2.3. Hyperspectral imaging tongue diagnosis systems
Hyperspectral imaging collects and processes information from across the electromagnetic spectrum, dividing the light spectrum into a larger number of bands. This technique of dividing images into bands can be extended beyond the visible spectrum. Li et al.31 developed a hyperspectral imaging system to capture tongue images with a spectrum range of 400 nm – 800 nm and a resolution of less than 5 nm. The number of efficient pixels is 652 pixels × 620 pixels including 120 bands. A microprocessor unit was included in this system to control a walking electromotor, which determines the landscape orientation movement speed. The hyperspectral tongue imaging system captures image scenes in contiguous but narrow spectral bands over the visible wavelength range of the electromagnetic spectrum.

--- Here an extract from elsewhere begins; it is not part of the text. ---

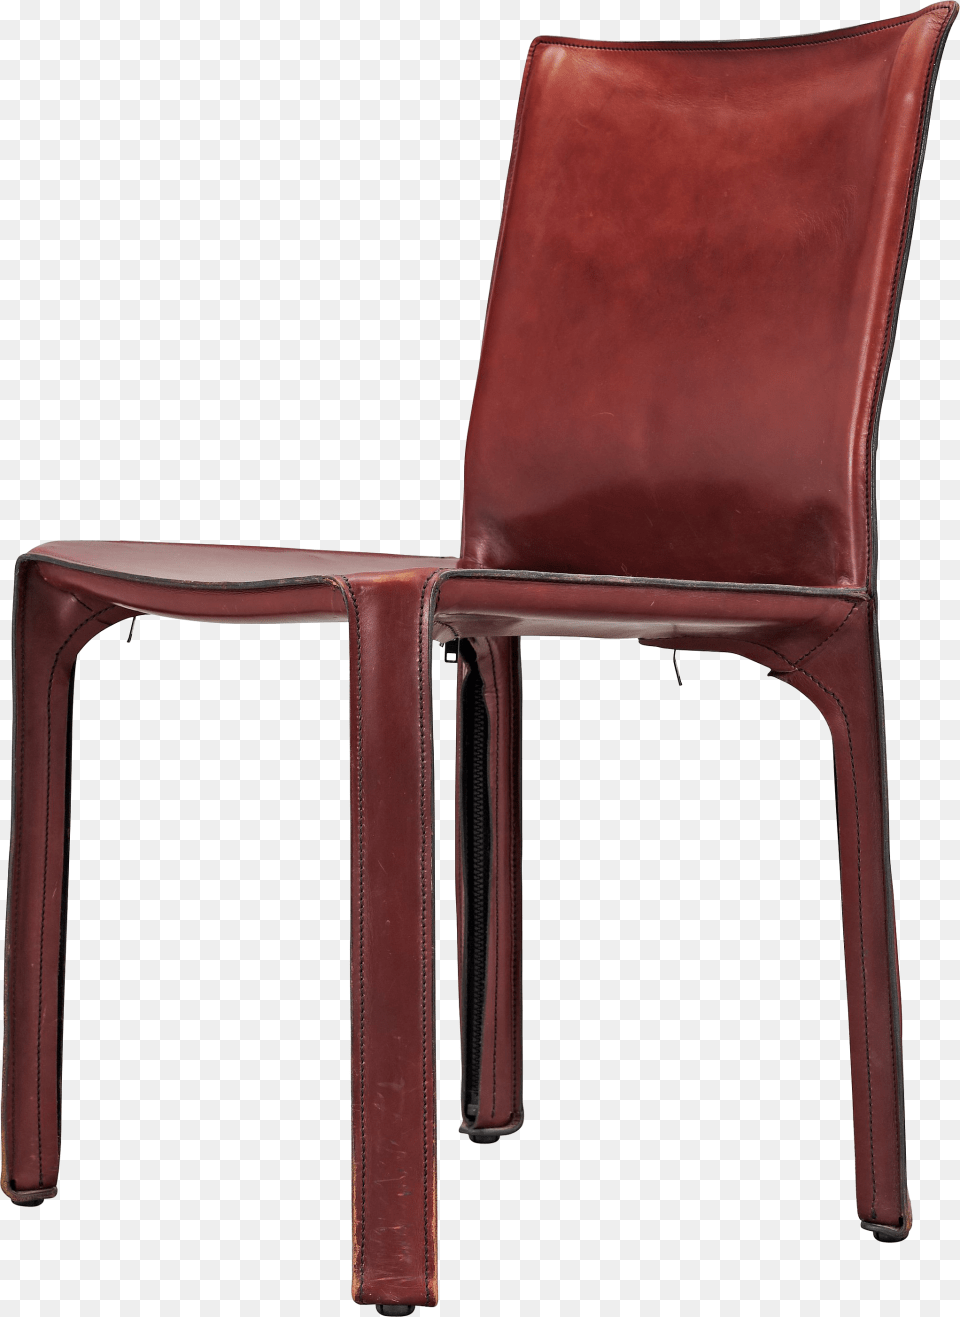 Plastic Chair Transparent File Brown Chair, Furniture, Armchair Png
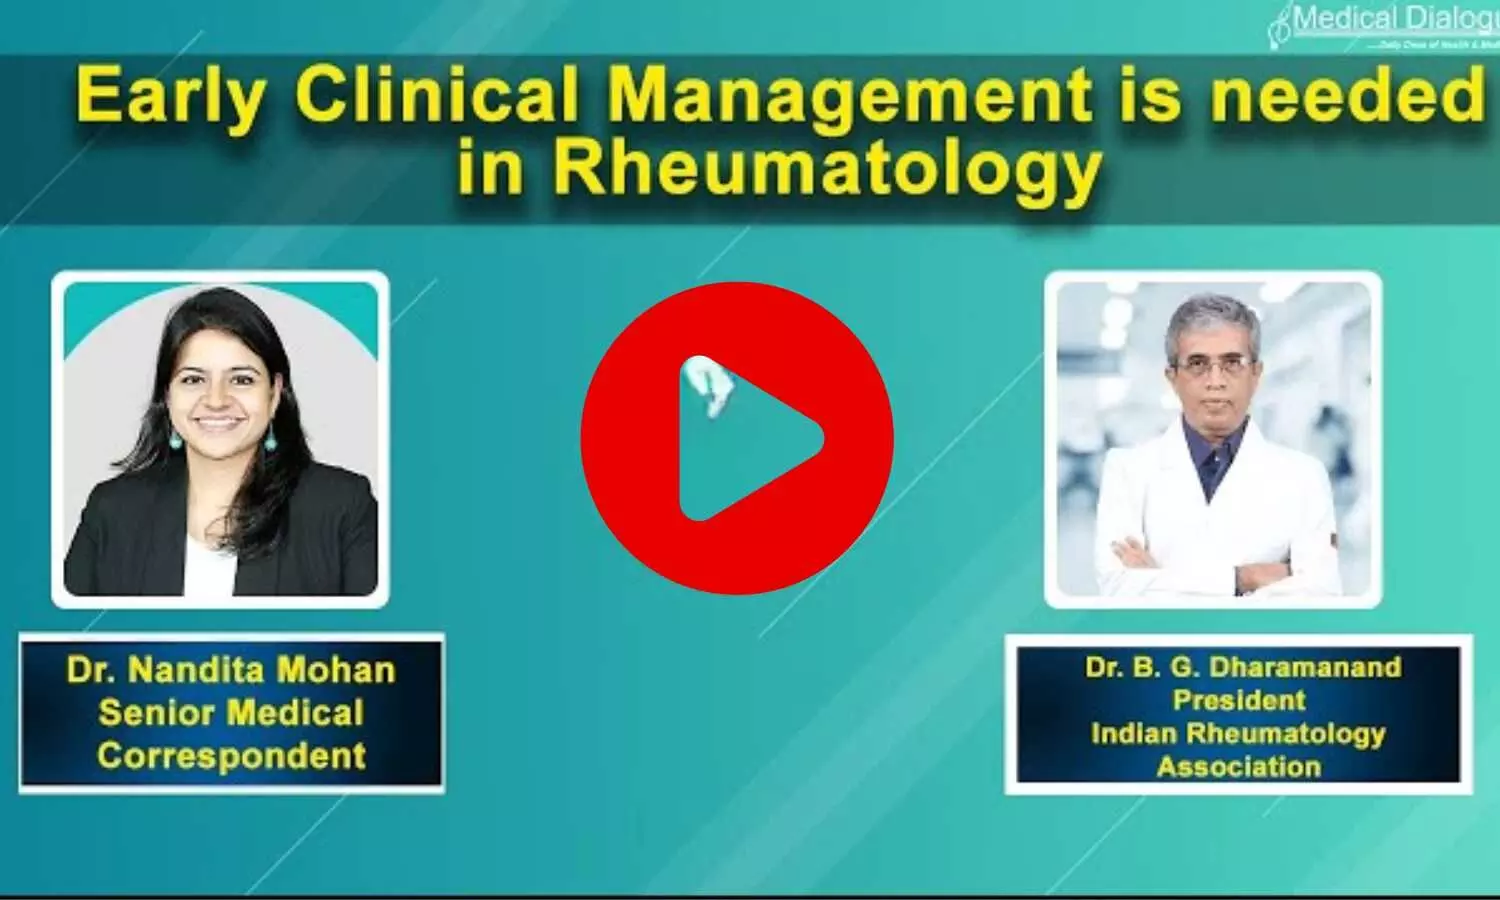 Early diagnosis, Clinical management:The key for Rheumatology- Ft. Dr. B. G. Dharamanand

Using this system, tongue color calibration and discrimination were performed on hyperspectral medical images.32 Different tongue colors are represented by corresponding reflectance spectral curves. Because different tongue colors have different reflectance spectral signatures, tongue color can be classified using a spectral angle mapper (SAM). The SAM is an automated method for directly comparing image spectra with known spectra. The colors of tongue substances were divided into six classes and the colors of tongue coatings were separated into four categories. To evaluate the performance of the color classification method, four experienced doctors were asked to label the reference samples, classify 200 tongues using the naked eye, and evaluate the experimental results. As a result, the overall rate of correctness was 85%.
By applying the hyperspectral tongue imaging system, a new sublingual vein extraction algorithm was proposed based on the hidden Markov model (HMM).33 The HMM is a temporal probabilistic model where the state of the process is described by a single discrete random variable. For each scene of the hyperspectral images, three single-band images at 435, 545, and 630 nm are selected to compose the corresponding pseudo color image. The HMM-based algorithm can extract sublingual veins more accurately than SAM or pixel-based sublingual vein segmentation algorithms for visible contrast sublingual images because it has strong noise rejection and because both spatial and spectral information from hyperspectral sublingual images can be used.
Yamamoto et al.3 developed a different type of hyperspectral tongue imaging system using a hyperspectral camera equipped with a transmission grating and an array sensor with an 8-bit 480 × 640 pixel monochrome CCD camera. The spectrum range of this system is 400 nm – 800 nm and the resolution of the spectrum is 5 nm. The optical instrument contains both a spectrometer and a scanning mechanism using an internal digital servomotor. The camera is capable of taking a hyperspectral image every 16 s, as a full-sized image. Yamamoto et al. proposed a tongue segmentation method using single-band images, which properly extracted the tongue area without coating by subtracting other areas and focusing on the spectral differences among respective facial areas.
2.4. 3D-imaging tongue diagnosis systems
The surface of the tongue is made up of many bends and its curvature is complex. The feature of tongue shape is an important parameter for tongue diagnosis, but information acquired through 2D imaging is insufficient for extracting shape features such as thickness or angle of curvature. The bends of the tongue surface can also cause color distortion because the light angle on the tongue surface is not homogeneous and the curvature of the tongue surface frequently changes spontaneously, causing distortion of the color intensity in 2D tongue images. To address these problems, a 3D-imaging TDS is being developed. Liu34 proposed an image capture system for 3D tongue modeling using two light sources, four digital cameras, a frame for fixing the head, an adjustable laser beam matrix used for producing artificial features on the tongue surface, and a laser device for locating the tongue. The four cameras were capable of adjustable exposure times and high-speed frame rates. An affine invariant of parallelograms35 was used to calibrate the system. After reconstruction, a finite-element-based representation of the tongue was obtained. An example of a 3D system for tongue imaging is shown in Fig. 4.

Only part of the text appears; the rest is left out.